Which part of the brain controls temperature?
In this post we are going to answer the question ‘’Which part of the brain controls temperature?’’ We will explain how the brain controls temperature, which is the region in charge, and we will give you all the details of the body’s thermoregulation processes.
Which part of the brain controls temperature?
The hypothalamus controls temperature. The hypothalamus has a dual system of temperature regulation.
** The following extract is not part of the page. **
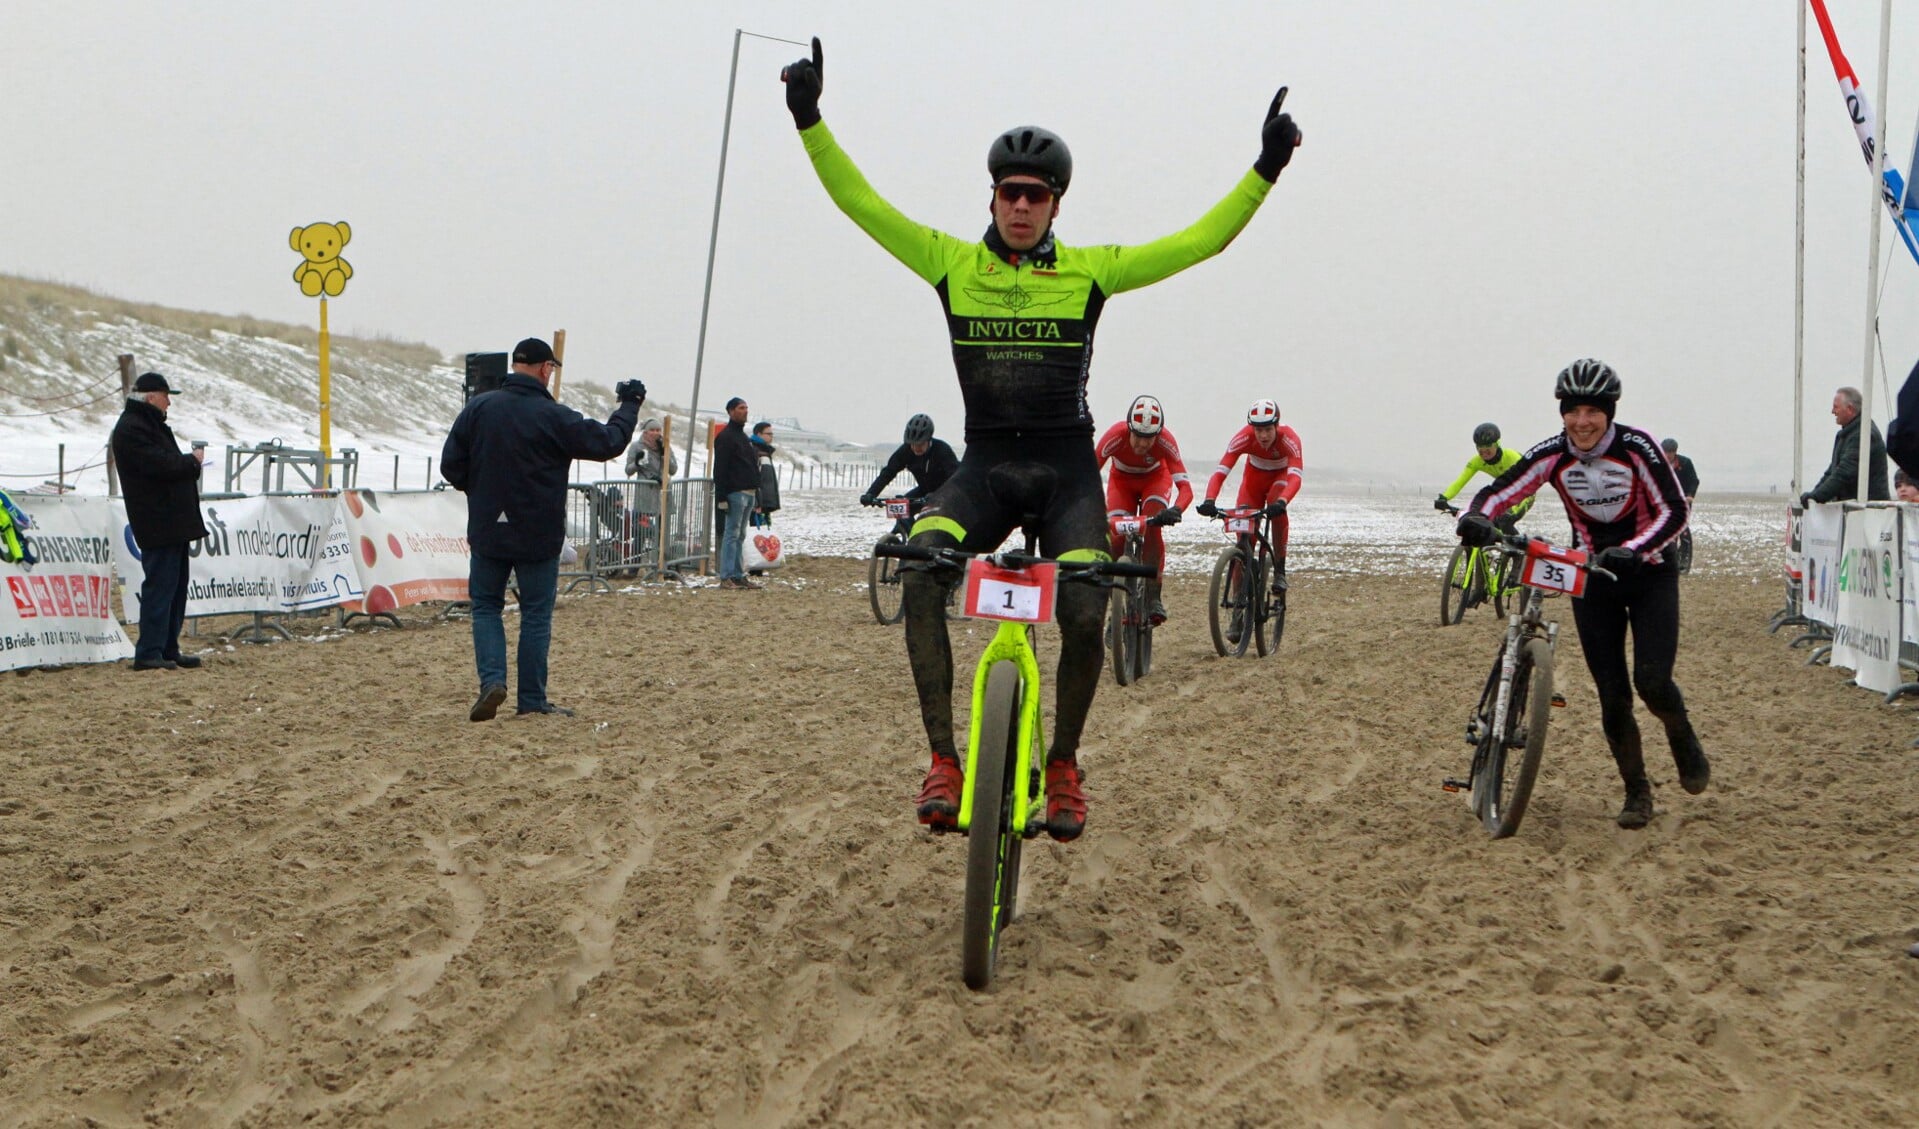 Ronan van Zandbeek troefde in de sprint zijn medevluchters af en prolongeerde zijn titel. * Foto: Wil van Balen.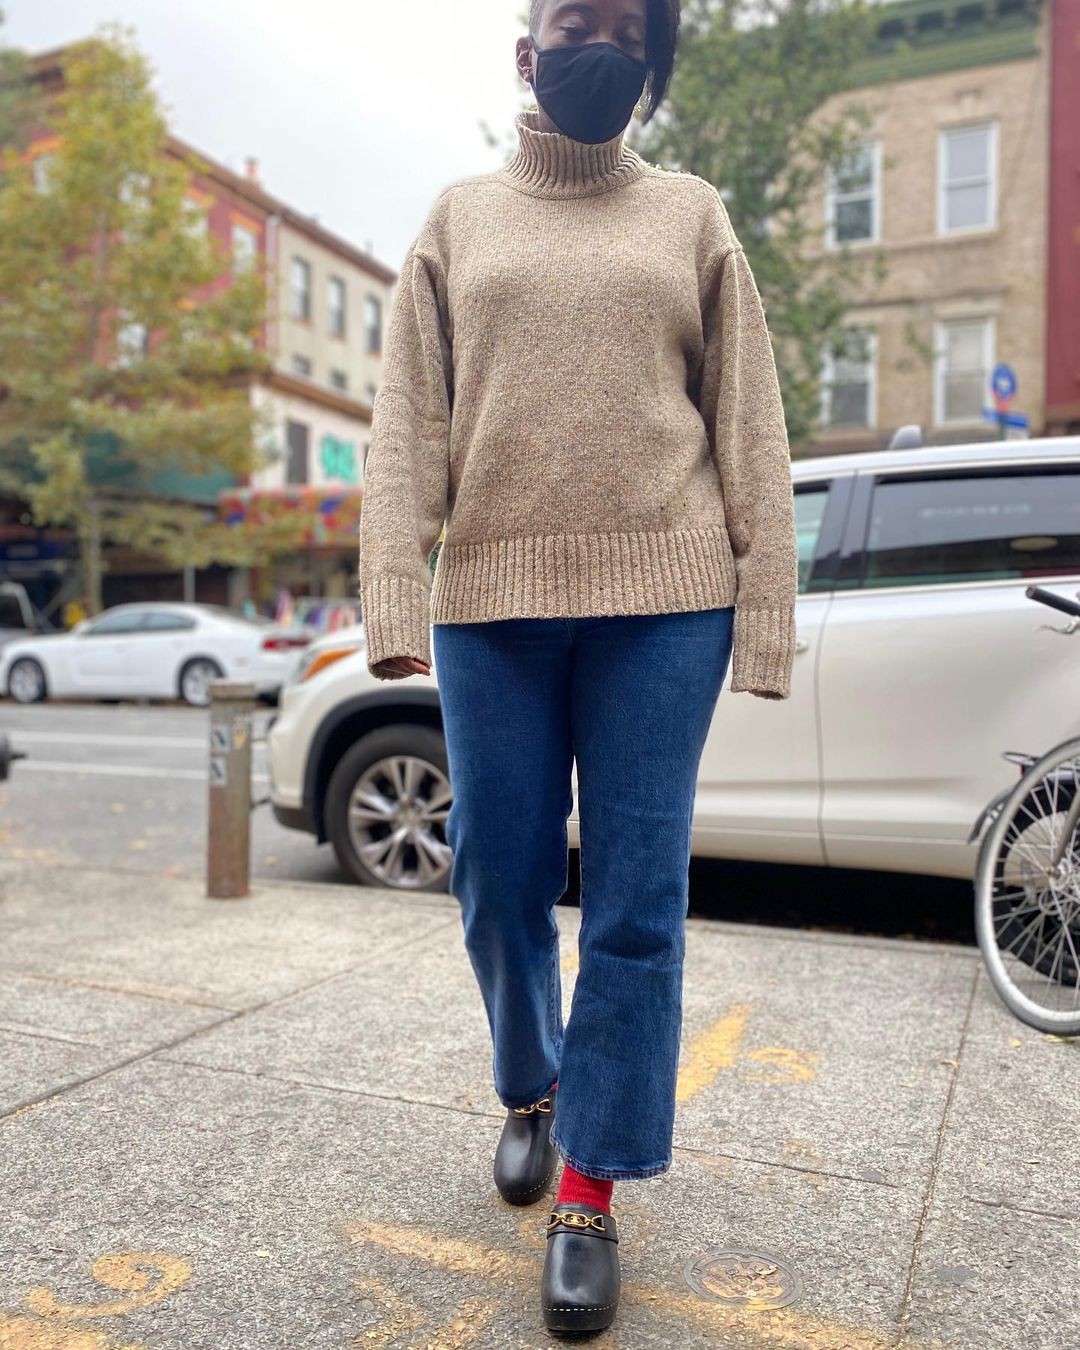 Tamancos dão toque vintage ao look jeans + top (Foto: Reprodução/Instagram Nikki Oggunaike)

Thus, the anterior or rostral portion, composed of parasympathetic centers, is responsible for dissipating heat, while in the posterior portion, with sympathetic centers, it preserves and maintains body temperature.
The perception n of temperature It is relative, since we do not have receptors to perceive the temperature in an absolute way. We are only capable of perceiving sudden changes in temperature – for example, when moving our hand from a very cold water pot to a very hot one.
There are two types of receptors, some for cold and others for heat, heterogeneously distributed throughout the skin. Receptors for cold are closer to the epidermis, while receptors for heat are deeper. They are the same receptors; they only differ on the level of situation.
The transduction in these receptors is produced by the deformation of the membrane or the cone of the receptor as a result of the dilation or contraction of the skin. This produces the opening of the membrane and the sodium channels.
If the receptors are densely packed together, the sensation of heat will be more intense. The nuclei associated with our having difficulty perceiving cold and heat from the thalamus are intralaminar and to a lesser extent ventricular.
It is therefore extremely interesting to observe that the perception of pain is due, among other things, to small receptors in the skin and an excellent participation of the thalamus, the same happening with temperature.
All these functions seem to have been developed in pursuit of our survival, and these tools that we have are nothing more than an inheritance of what our ancestors once needed perhaps more than we do.
Thermoregulation
The temperature with which the blood reaches the hypothalamus will be the main determinant of the body’s response to climatic changes.
The hypothalamus has a dual system of temperature regulation. Thus, the anterior or rostral portion, composed of parasympathetic centers, is responsible for dissipating heat, while in the posterior portion, with sympathetic centers, it preserves and maintains body temperature.
When damage occurs in the posterior region in experimental animals, the response obtained is: prolonged hypothermia and inability to react to cold.
It also appears that the relative poikilothermia is the result of lesions in the posterior portion of the hypothalamus. Lesions located in the anterior or rostral region incapacitate the experimental animal to lose heat.
As we have already mentioned, the main determinant of the body’s response to climatic changes is the temperature with which the blood reaches the aforementioned regions of the hypothalamus.
When the neurons of the anterior or rostral hypothalamic center (sensitive to heat) are excited, a series of mechanisms are set in motion aimed at producing thermolysis, inhibiting the posterior hypothalamic center (conservative of temperature)
This causes an inoperation of all the thermogenic mechanisms, decreasing metabolism, muscle tone and progressively the production of thyroid hormone. Inhibition of the hypothalamic sympathetic centers leads to such vasodilation that the rate of heat transfer to the skin can be increased up to eight times.
All this leads to a decrease in temperature.
Stimulation of the anterior center per se lowers the temperature by activating the production of sweat and panting.
The sweat glands are under the control of the sympathetic nervous system, and influenced by cholinergic stimuli.
It is the cells of the posterior region (conserving heat) that predetermine the temperature of 37º.
The maintenance of the temperature and the reactions necessary to preserve it is carried out through impulses that arrive from the periphery (thermal receptors) and the temperature with which the blood reaches the hypothalamus, these impulses being conducted towards the posterior hypothalamic region.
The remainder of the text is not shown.